* Exercise brief: Could you copy word for word only the lines between the one containing "James Bond 007" and the end of the listing below, both included, and leave out the pictures?

* The data:
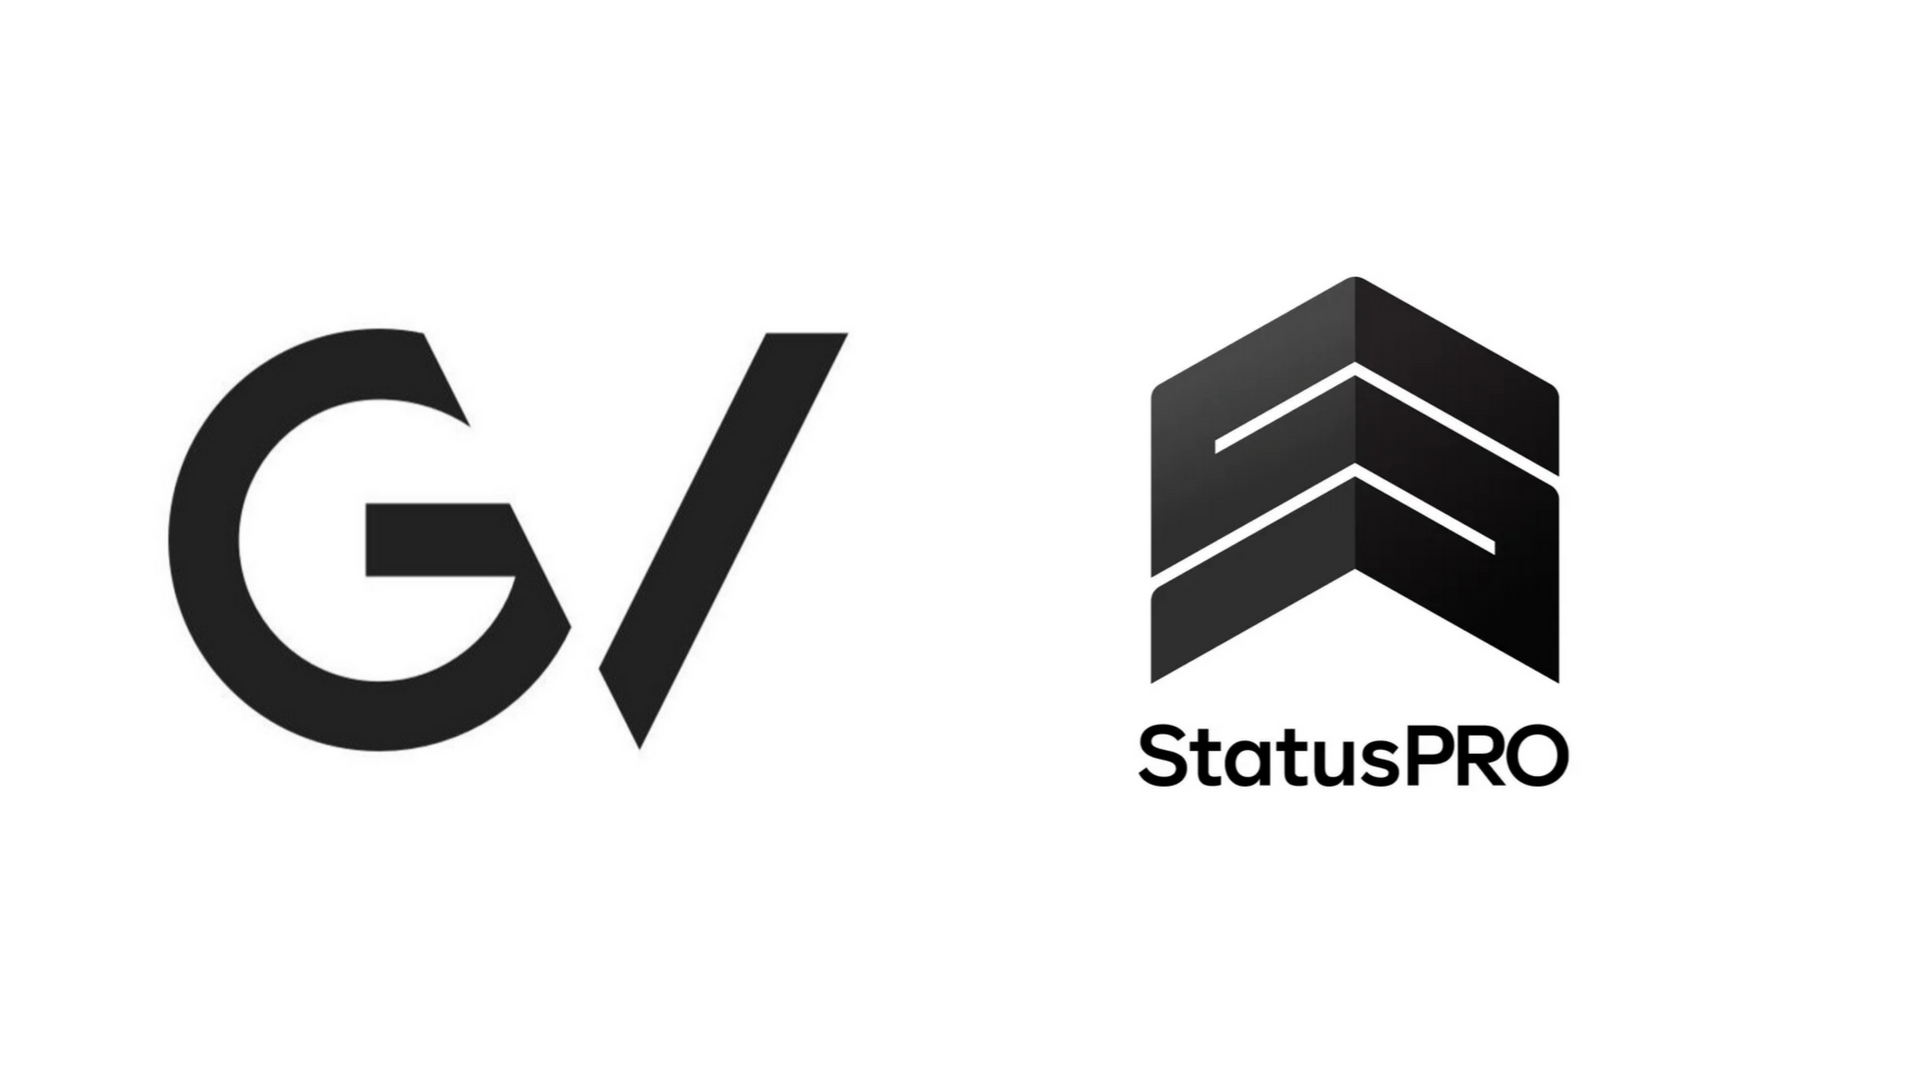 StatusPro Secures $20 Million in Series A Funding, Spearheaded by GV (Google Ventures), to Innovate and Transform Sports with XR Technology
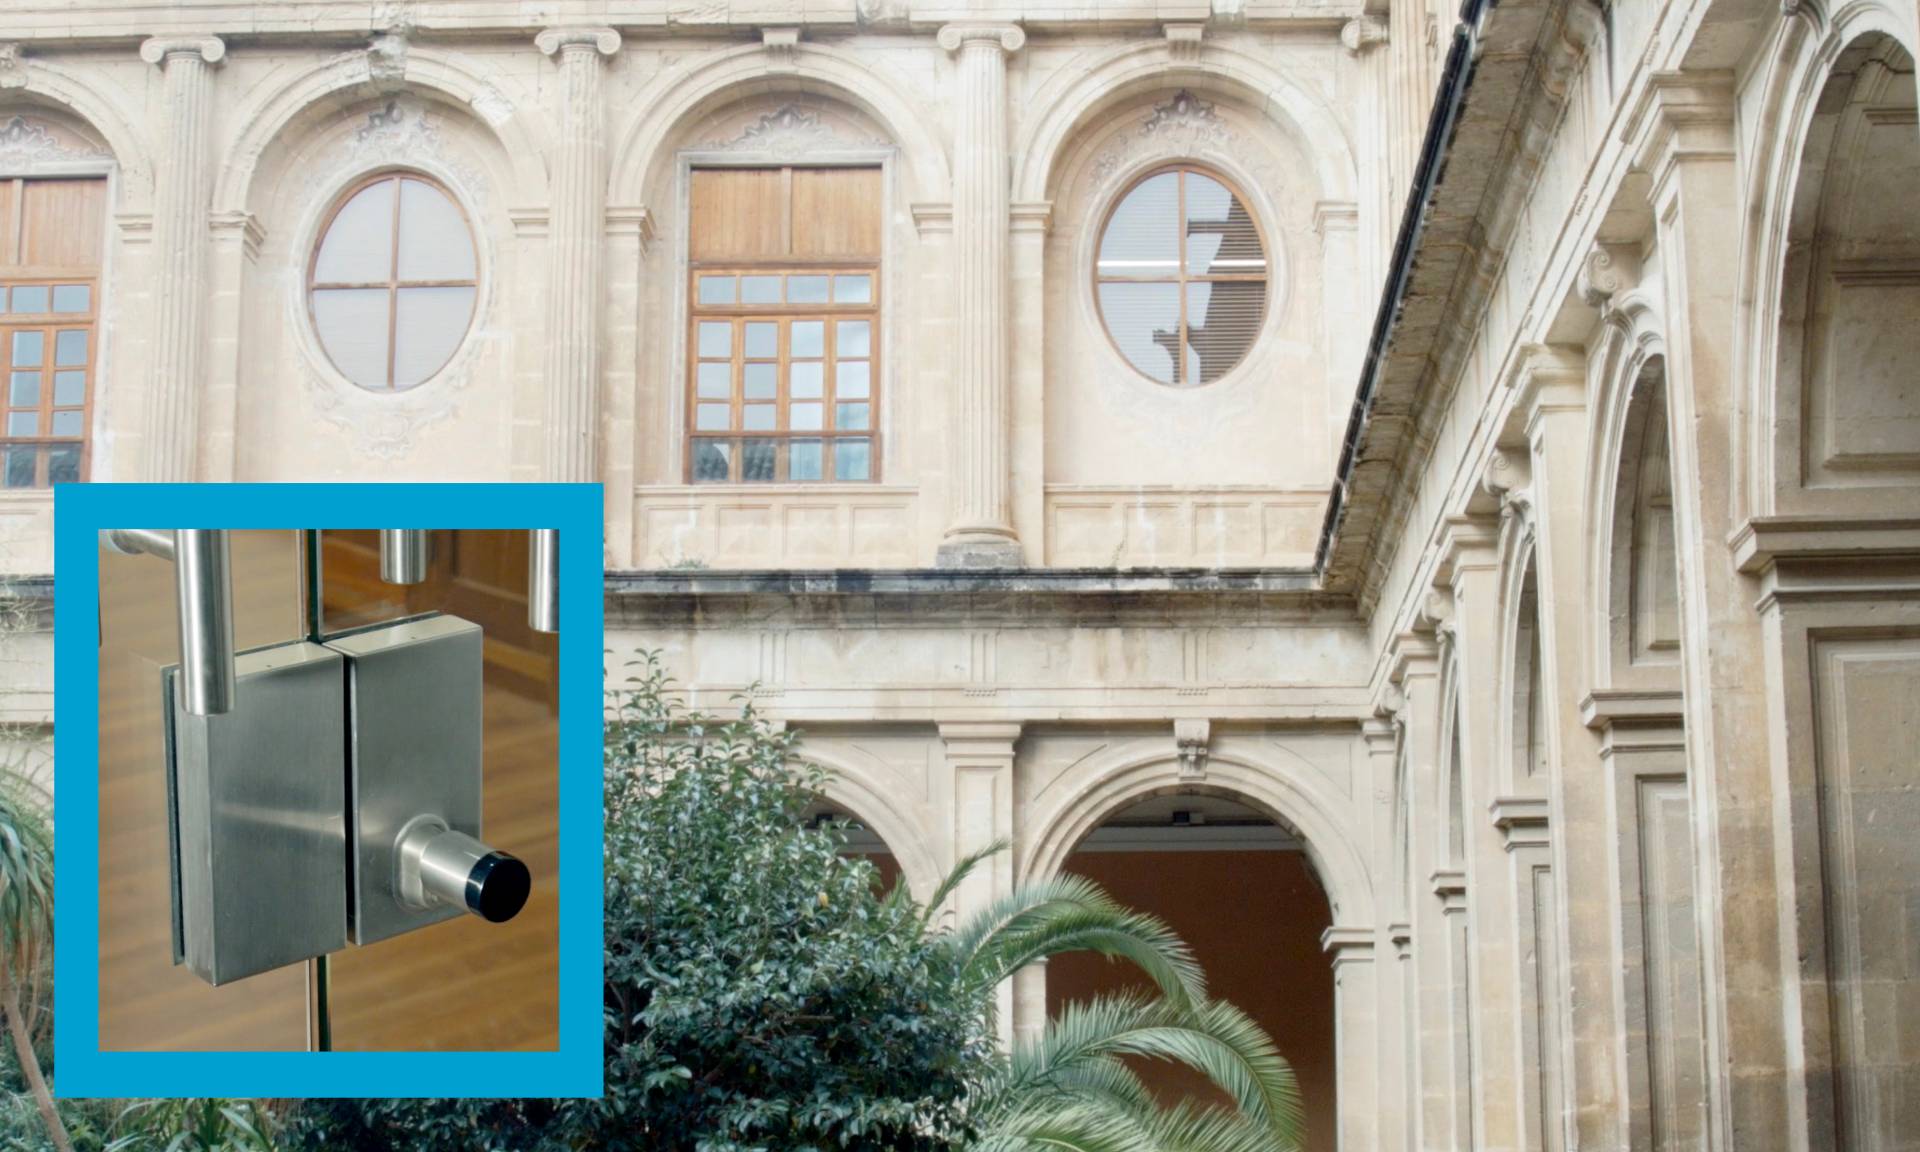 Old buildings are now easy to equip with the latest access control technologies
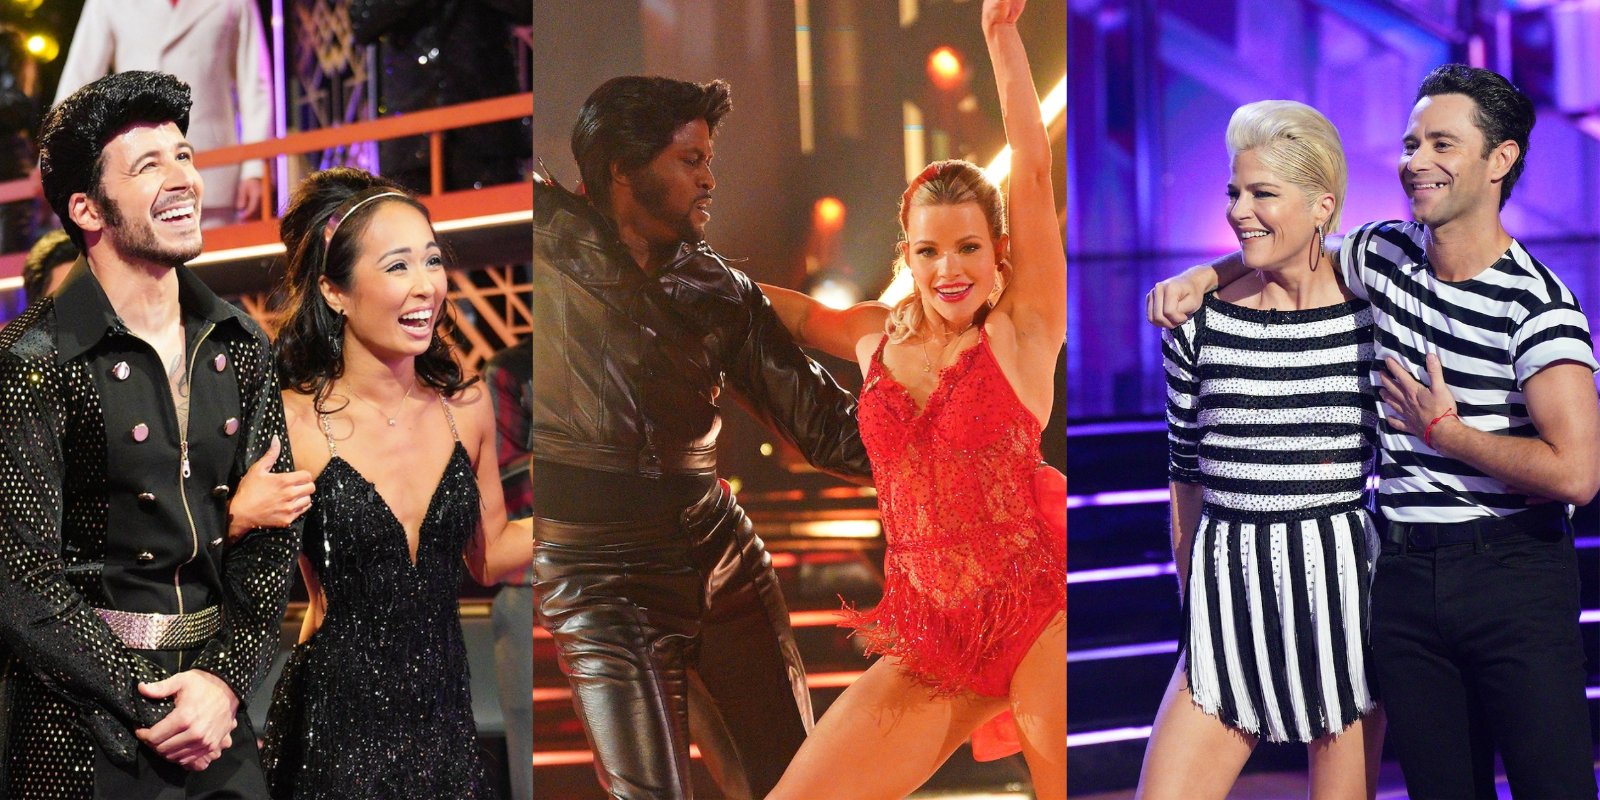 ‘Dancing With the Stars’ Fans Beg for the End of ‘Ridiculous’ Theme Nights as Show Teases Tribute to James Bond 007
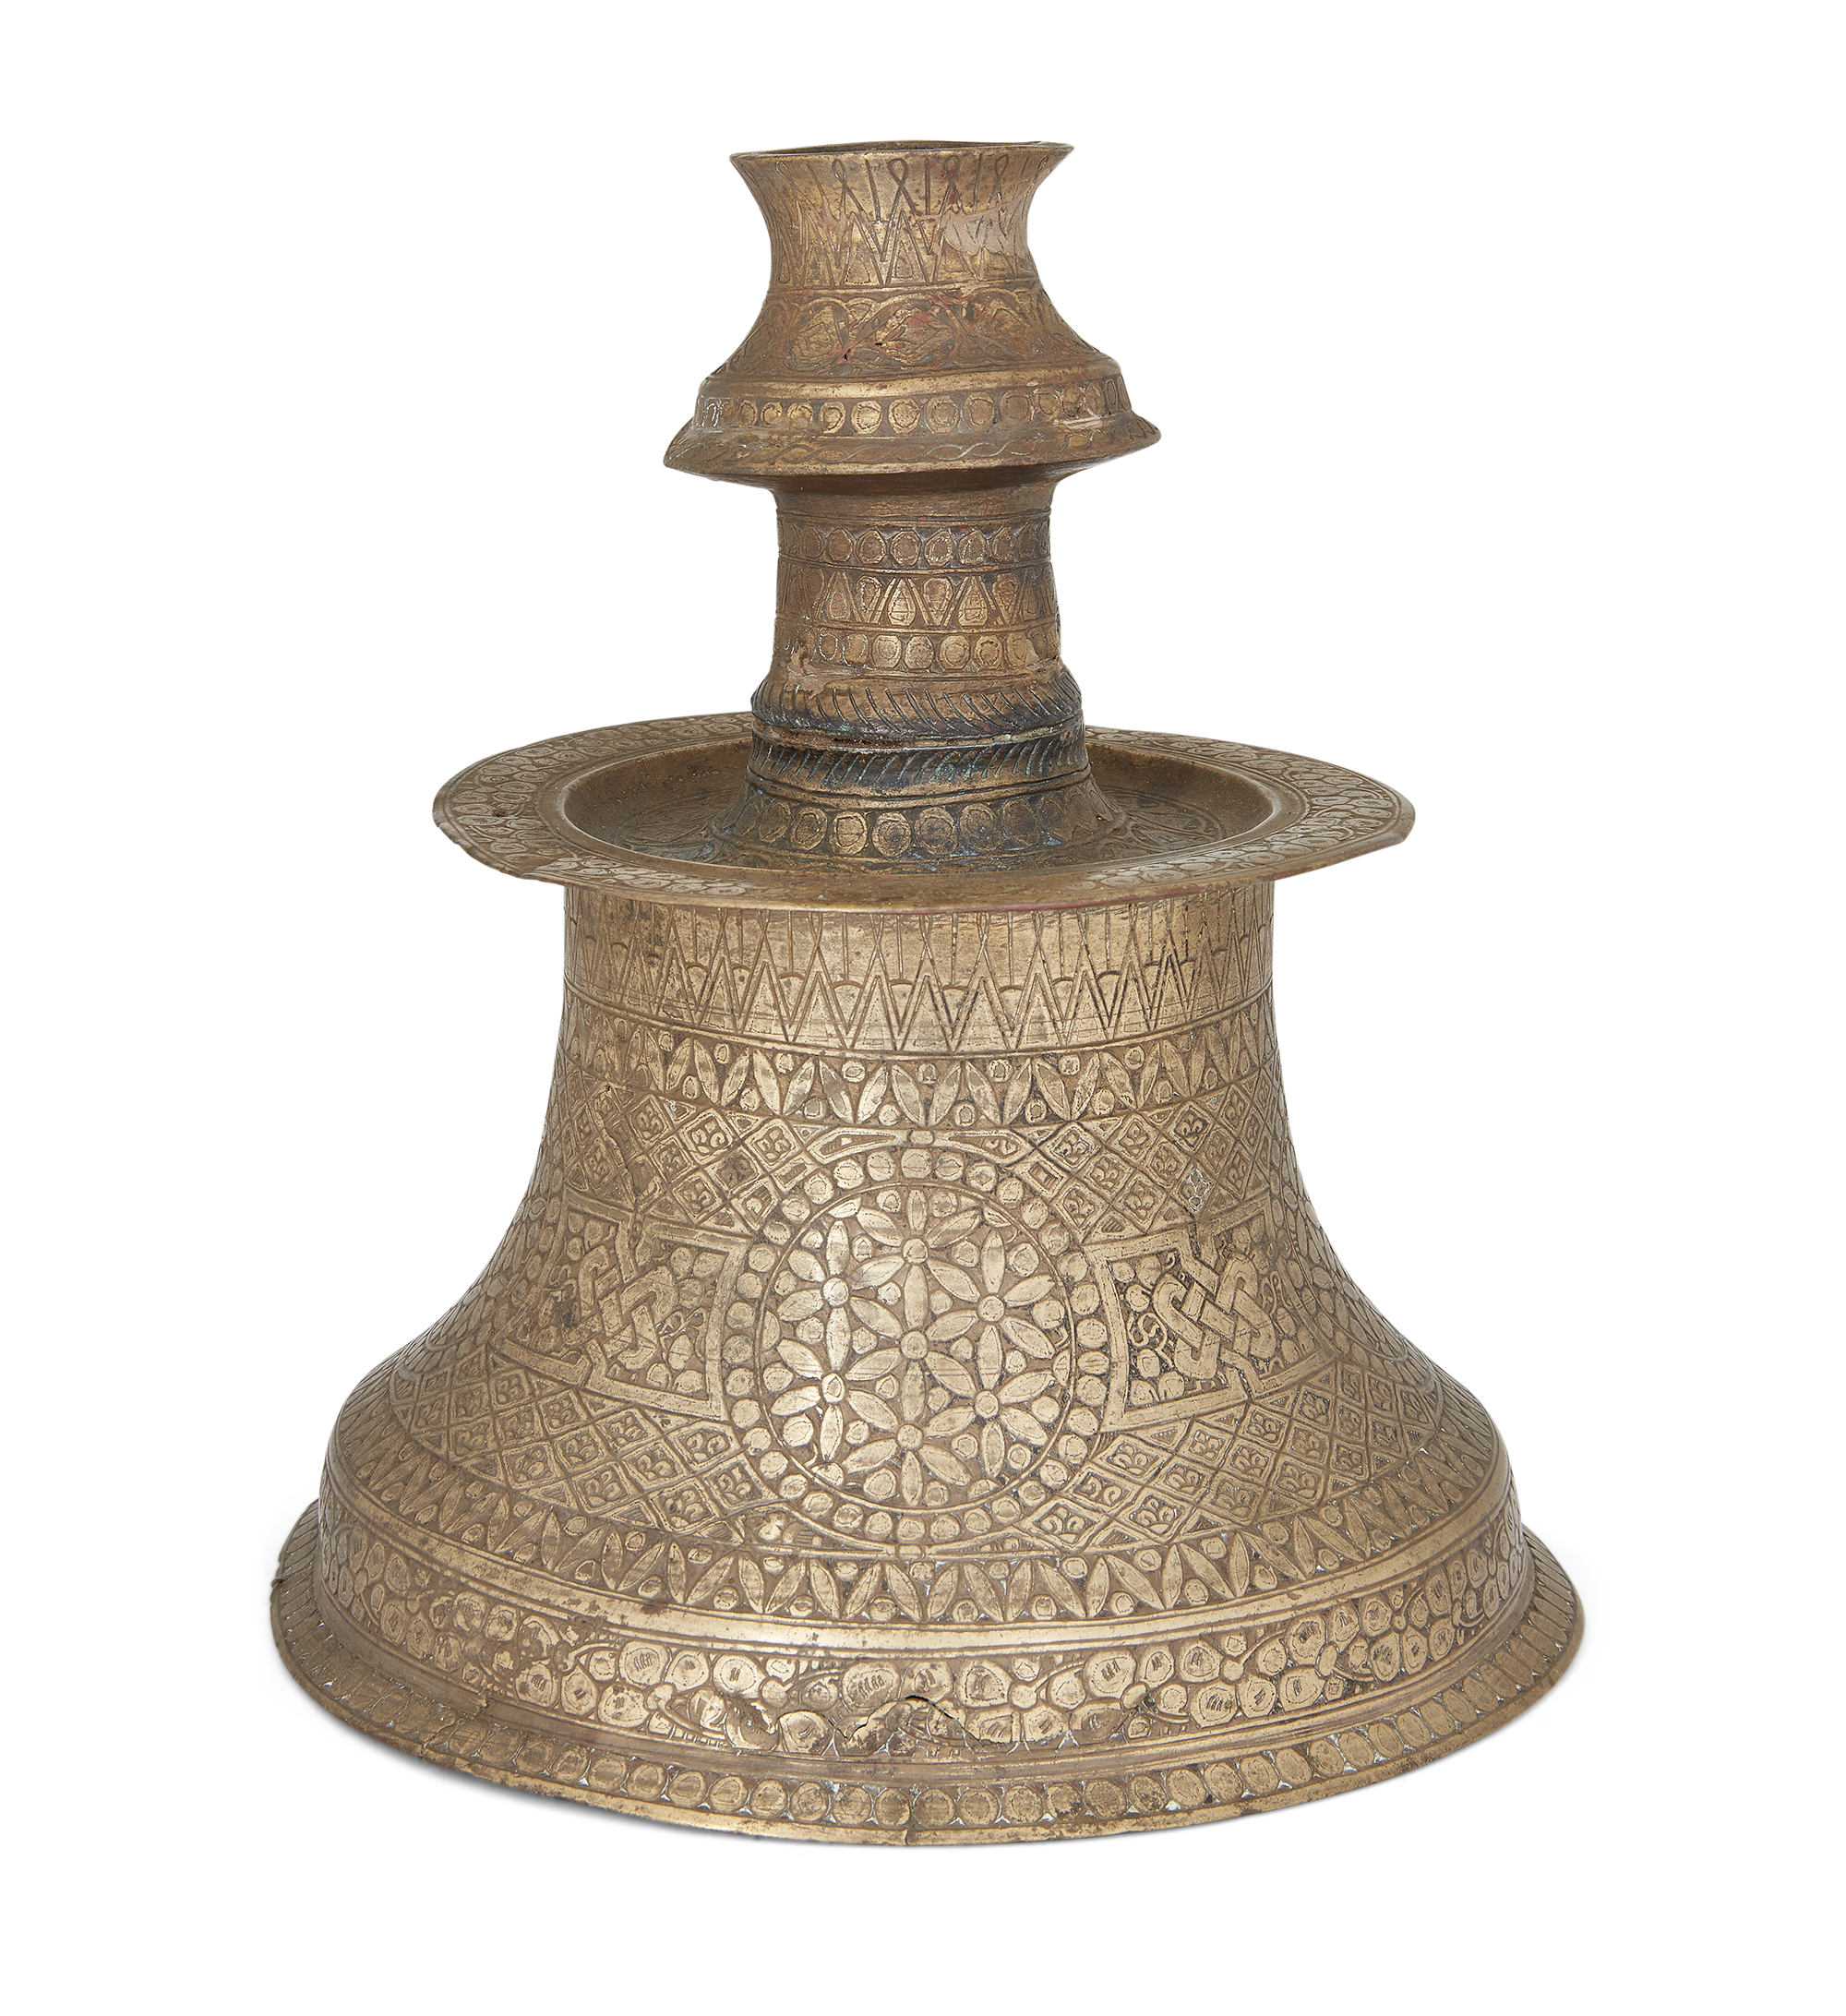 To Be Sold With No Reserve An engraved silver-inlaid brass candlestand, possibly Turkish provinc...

* Response below:
 ‘Dancing With the Stars’ Fans Beg for the End of ‘Ridiculous’ Theme Nights as Show Teases Tribute to James Bond 007
 To Be Sold With No Reserve An engraved silver-inlaid brass candlestand, possibly Turkish provinc...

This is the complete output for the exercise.